I am without a doubt nervous. It creeps up on me and my hands shake, I have to catch my breath. The true literal meaning of it where it is taken from me and I have to dig deep to find it. Then I tell myself some calming thoughts. None of which are true, but they suffice to get me straight again. And they will have to do to get me into that chair. In the next several hours I will become more and more of a wreck. At times even holding my breath without knowing. Biting down hard and grinding. Which is what got me here in the first place. I decide to read about others reactions and procedures on blogs and in chat rooms. Then I decide it is too horrifying and gruesome. Maybe I would rather not know. Though in my calming exercises I tell myself that my anxiety comes from the unknown so I try to play out what they will do. Which is how I got online in the first place.
I also tell myself it is only thirty minutes and I try to capture thirty minutes of time to see how quickly they pass. But we all know when living through a personal hell those thirty minutes will last a life time. So I eat. Fearsome because I won't be able to later and I can't stand the thought of being uncomfortable AND hungry. But also to soothe my nerves. It keeps my busy, it makes me happy and it fills my belly, which feels empty and scared. I like the feeling of the hard apple against my gums, knowing I won't get that for days. Or longer, I just don't know. And I don't really want to.
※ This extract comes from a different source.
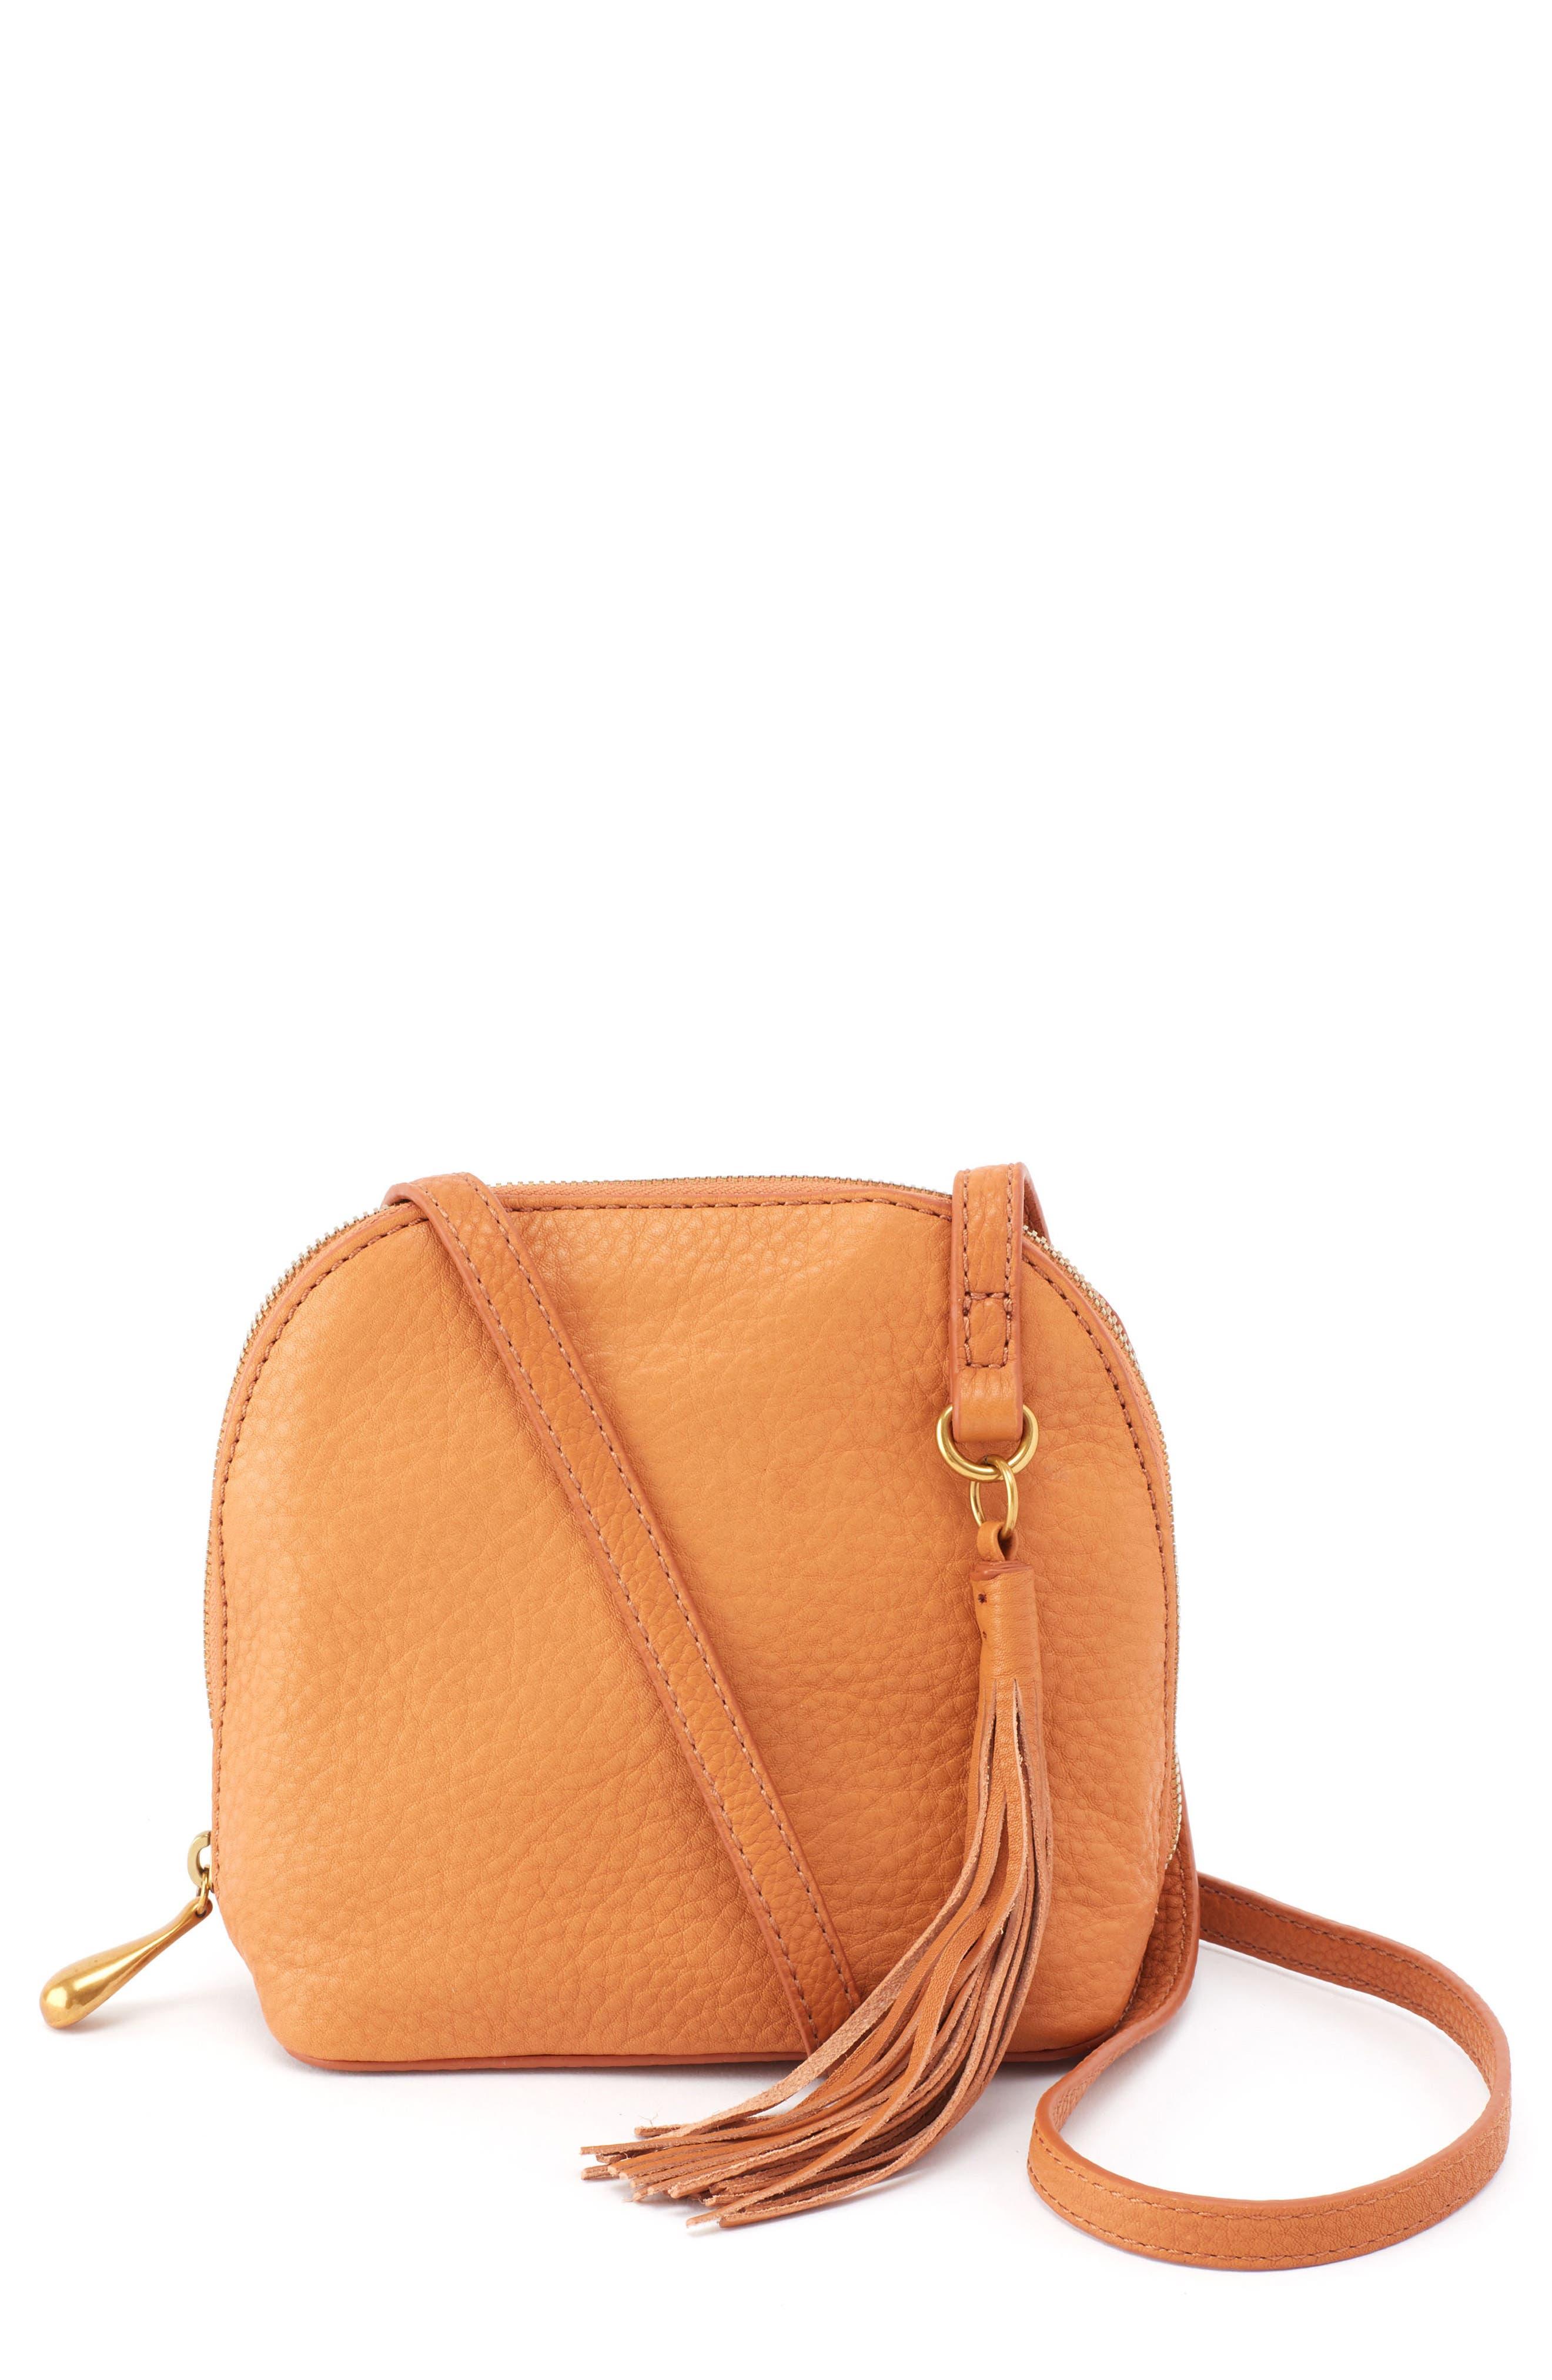 HOBO, Nash Calfskin Leather Crossbody Bag, Main thumbnail 1, color, WHISKEY

The best thing I can tell myself is that I will get through it. That it will pass and it truly will be over in a matter of time. That at least I am getting it taken care of and I will no longer have to worry about it. But again, that does not a whole lot to ease the worries. And the closer the hour gets, the higher the anxiety level becomes.
I will tag this breathing, even though I really am not.
Here's wishing you many juicy apples to come! By now you may even be all done the procedure. I'm thinking of you and know you'll be just fine!
You will absolutely get through it and I wish you many, many reassuring hugs. Thinking about you!! :)
(Also, could you post this to Indie Bloggers? I love your descriptive prose.)
Oh dear. Hope everything's over and fine and good!
Yikes! I hope everything turned out okay.
Thanks y'all - I am doing well enough. I have trouble talking and eating - which are what I live for.
I hope all is well!
Hope you're doing better! And trust me, I know how you feel -- dental surgery stinks.